Cadvisor: prometheus metric for container healthcheck status

Created on 6 Feb 2019 · 11Comments · Source: google/cadvisor

Hi,

As far as I know, no metrics are available for healthcheck status of a container.

I see a metric about the "up" state of a container (container_last_seen) but nothing about what can be checked over State.Health.Status with docker

This statistic isn't really a metric because it return a string but i would guess that a bolean for each possible value would be useful (running, healthy, unhealthy for the ones I know )

kinenhancement

Source

replicajune

👍20

Most helpful comment

This would be one very useful addition.

xavs on 29 May 2019

👍7

All 11 comments

Does an equivalent exist for all container runtimes cAdvisor supports (mesos, containerd, rkt, docker)?
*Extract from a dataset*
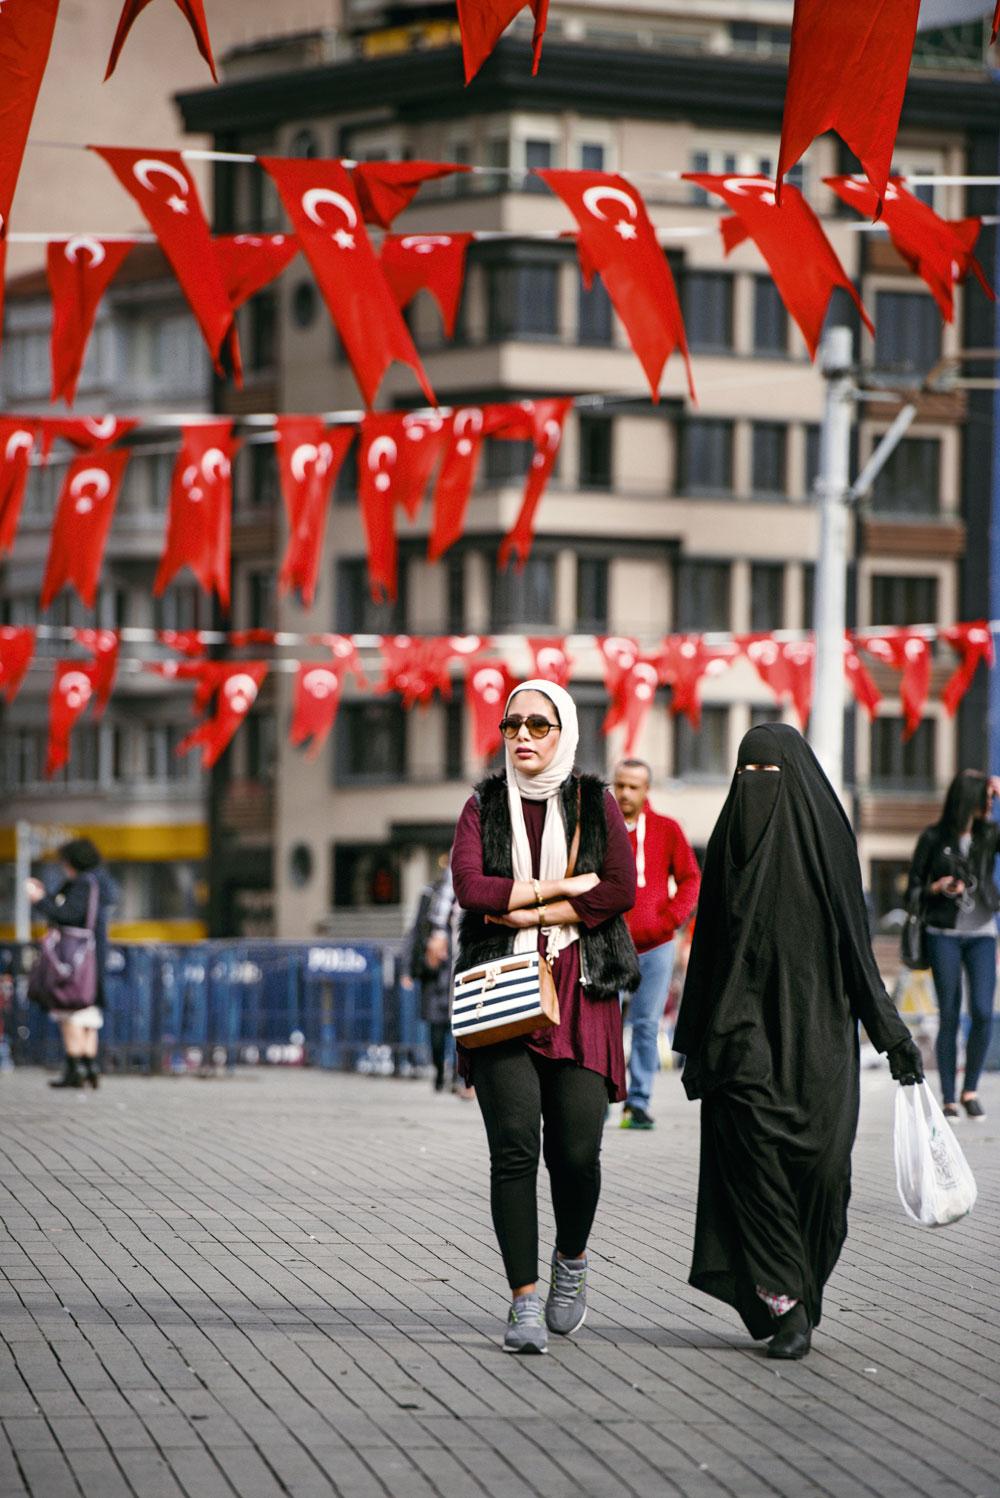 'Erdogan is het land heus niet aan het islamiseren.'

We usually try and stay away from spec-based metrics, as they tend to be runtime-specific, and generate large numbers of metric streams for each container.

dashpole on 6 Feb 2019

I'm quite unaware of all specifications that could exist at this time. I'm under the impression (and could be wrong) that the OCI had or would propose something standard for this.

So, I've no idea unfortunately

The need I have is to have a metric that is about the work produced by a container rather than a state (container_tasks_state) of a processus or the fact that a container might be up or not.
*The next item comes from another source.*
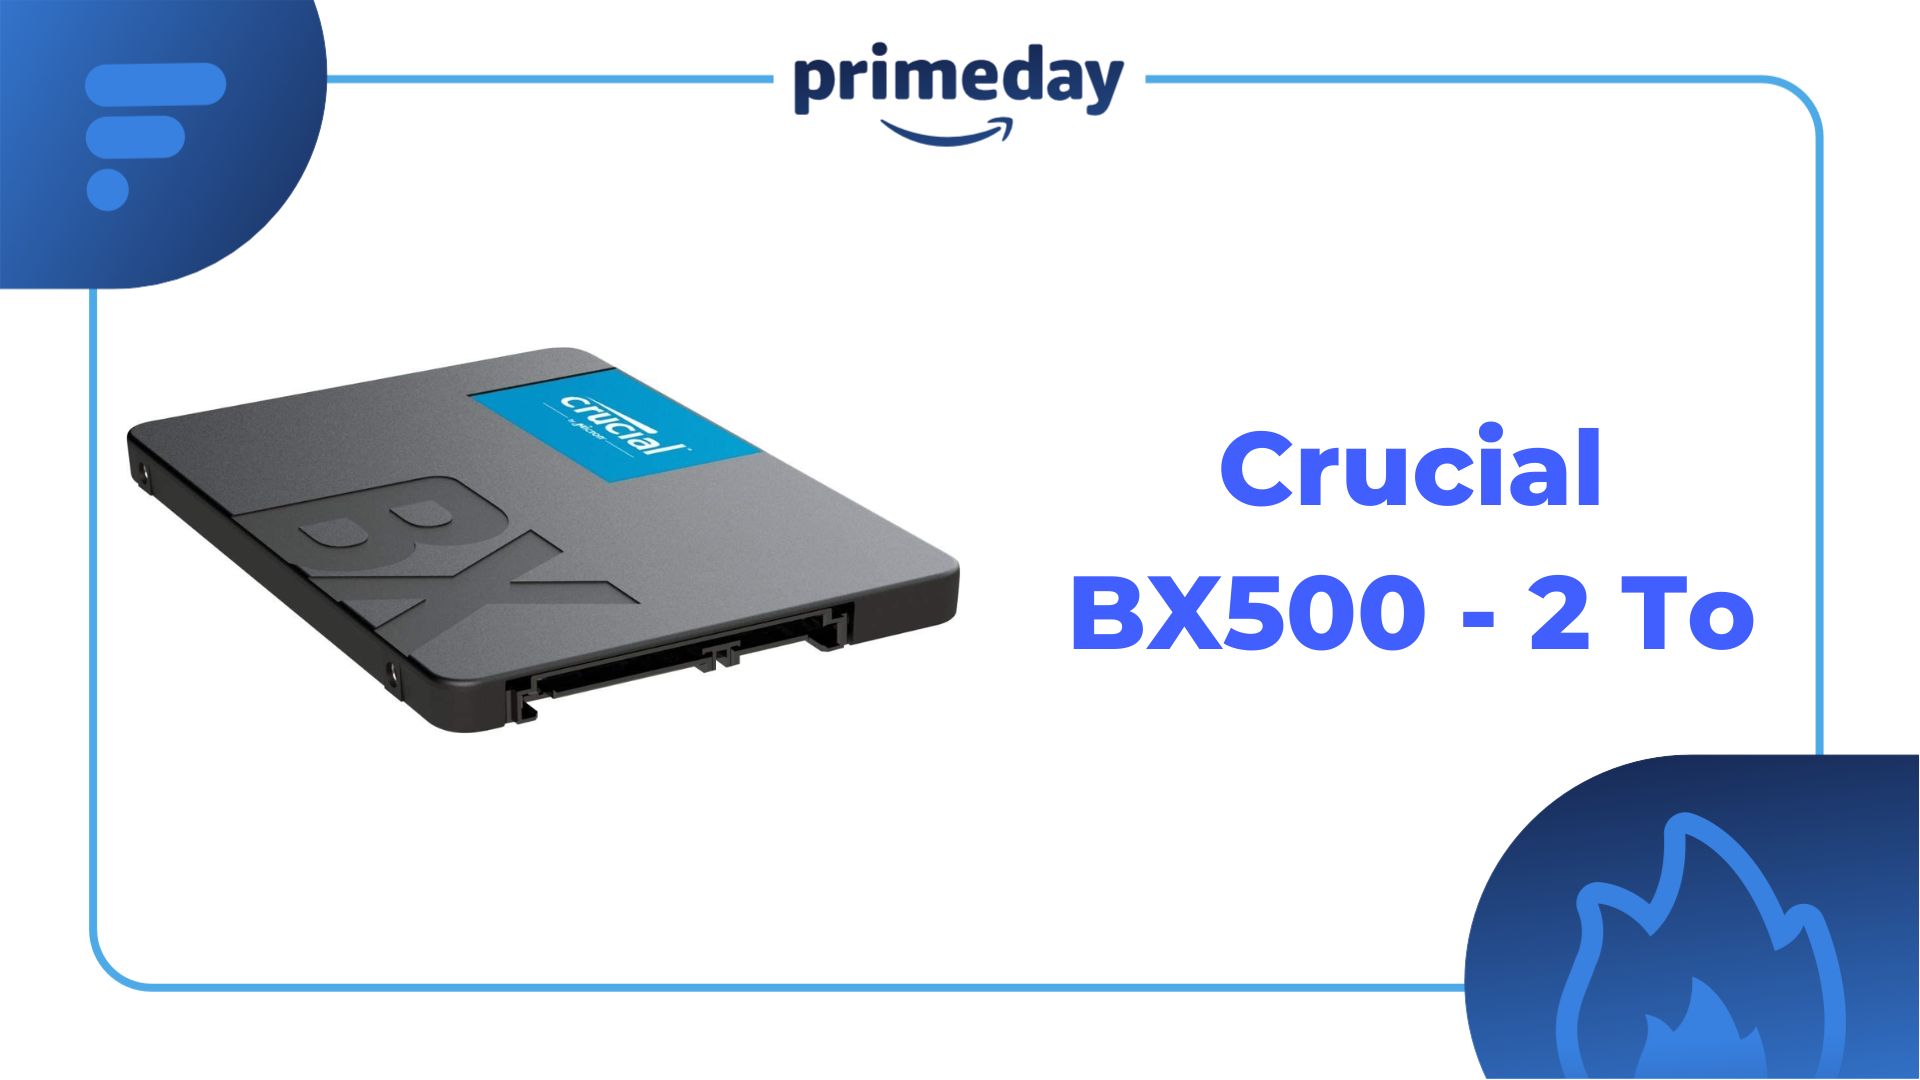 Ce SSD de Crucial possède un excellent rapport qualité prix en

The healthcheck instruction and related statistics with docker helps to really figure out if a container actually does what it should and I don't really see metrics about that for now

replicajune on 6 Feb 2019

👍5

This would be one very useful addition.

xavs on 29 May 2019

👍7

Does anyone find the workaround?

BulatSaif on 21 Oct 2019

I am also looking to accomplish this.

fontanacalifornia on 21 Nov 2019

The kubelet does have these kind of metrics: https://github.com/kubernetes/kubernetes/blob/master/pkg/kubelet/prober/prober_manager.go#L38.
Those metrics are registered at /metrics/probes on the kubelet's port.
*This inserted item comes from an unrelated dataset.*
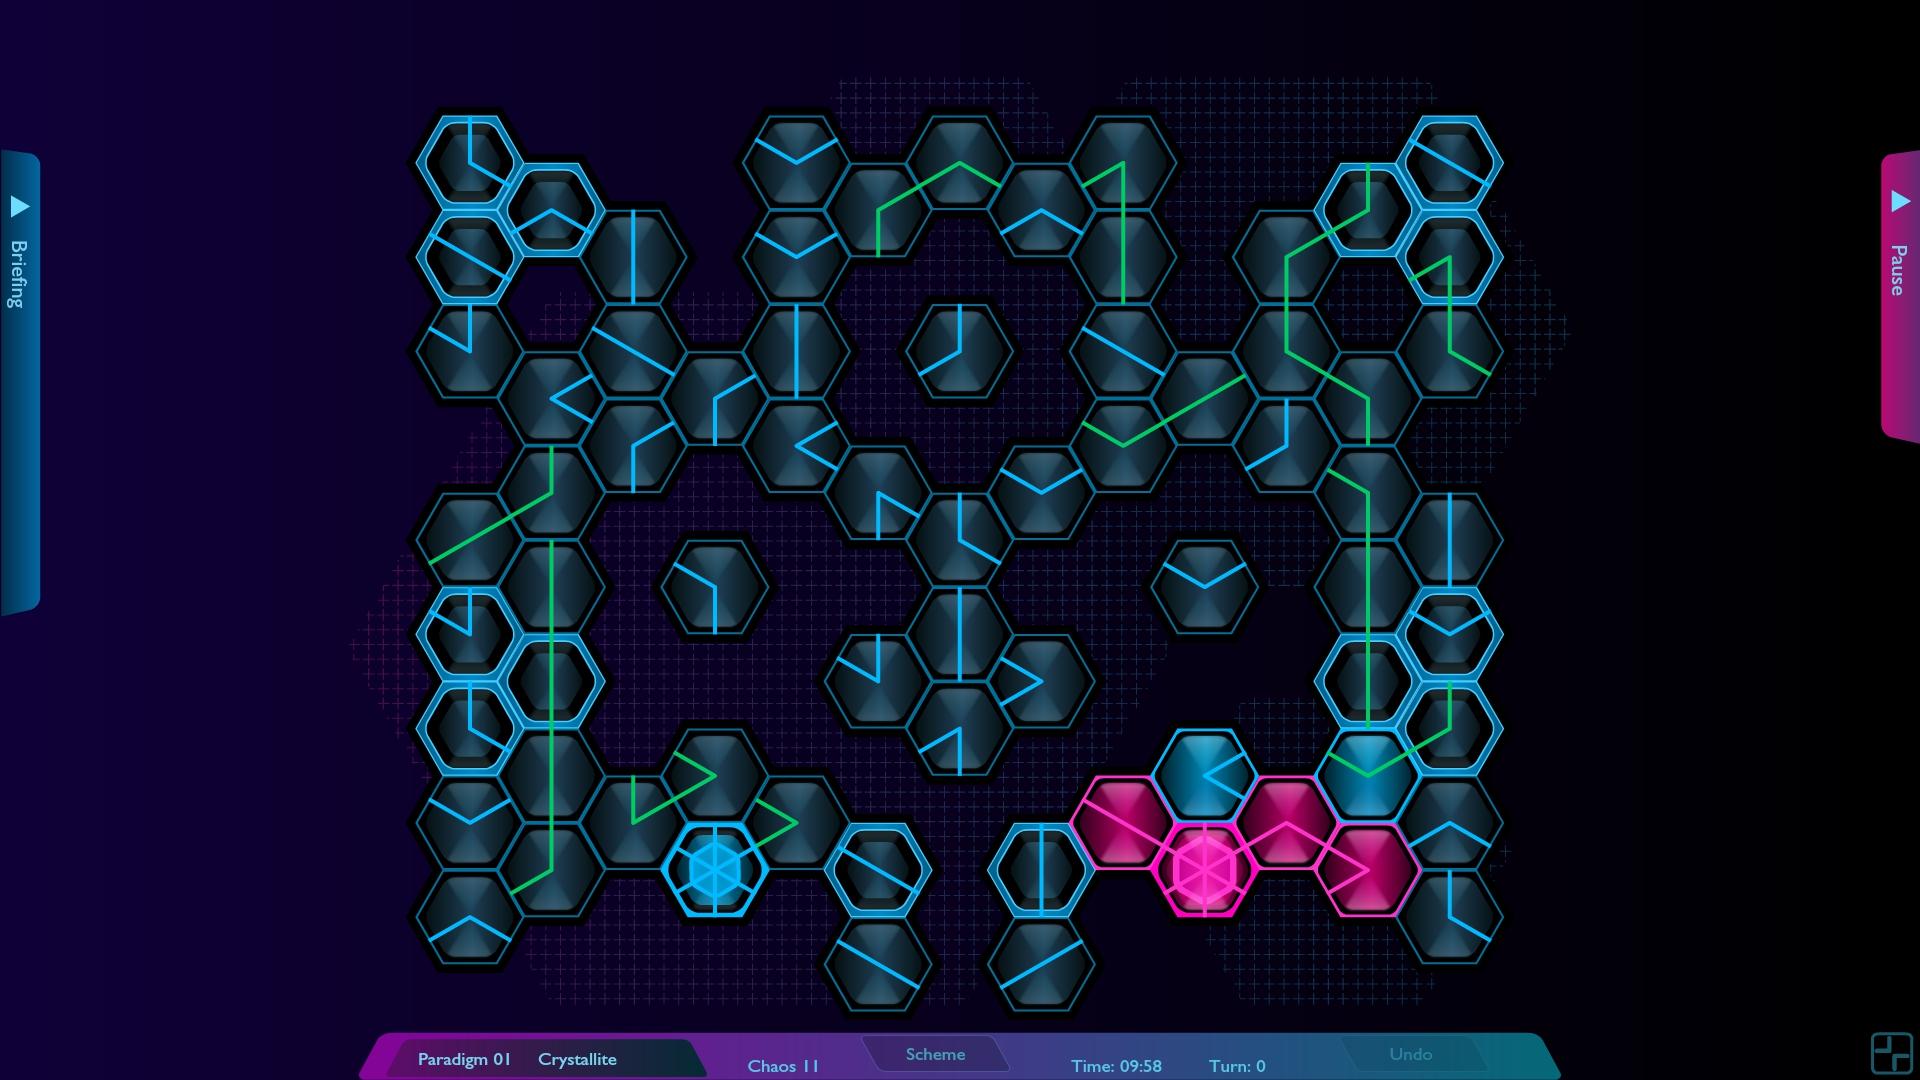 Screenshot №5 from game Hexoscope

But that doesn't help anyone not using kubernetes...

I'm not sure if cAdvisor should take on metrics collection on probes, as it isn't performing them. I believe we currently only fetch the container from docker at container creation time, so this would require us to poll the runtime for the information. I'm not sure we can provide accurate cumulative probe metrics based on sampling the state. It seems like we are bound to miss probe failures.

dashpole on 23 Nov 2019

Hi Team,

Any advice/update/workaround here is much helpful for everyone. We needed this "health_check" very badly.

anil4u-04 on 2 Dec 2019

👍3

Hi everybody! sum(time() - container_last_seen) by (name) is a workaround for me, but sometimes it works really bad.

serhiiromaniuk on 18 Feb 2020

Also, for alerts sum(rate(container_last_seen{name=~".+"}[5m])) by (container_label_com_docker_compose_service) < 1, with 15s scrapes helps me to stop crying all day.

serhiiromaniuk on 20 Feb 2020

👍1

It's hard to create alerts based on metrics that disappear and it also goes against prometheus best practices. I still don't understand why we can't just use absent and move on but you can read more about it here:

https://www.robustperception.io/existential-issues-with-metrics

Recently, a coworker discovered this exporter:

https://github.com/prometheus-net/docker_exporter

Which exposed a very valuable metric: docker_container_running_state, this metric won't disappear when the container stops!

Here's an example:

$ sudo docker run \
    --name docker_exporter \
    --detach \
    --restart always \
    --volume /var/run/docker.sock:/var/run/docker.sock \
    --publish 9417:9417 \
    prometheusnet/docker_exporter
$ sudo docker create --name foo -it ubuntu sleep 10
$ sudo docker start foo
$ curl -s localhost:9417/metrics | grep state
docker_container_running_state{name="foo"} 1
docker_container_running_state{name="docker_exporter"} 1
# wait ten seconds
$ curl -s localhost:9417/metrics | grep state
docker_container_running_state{name="foo"} 0
docker_container_running_state{name="docker_exporter"} 1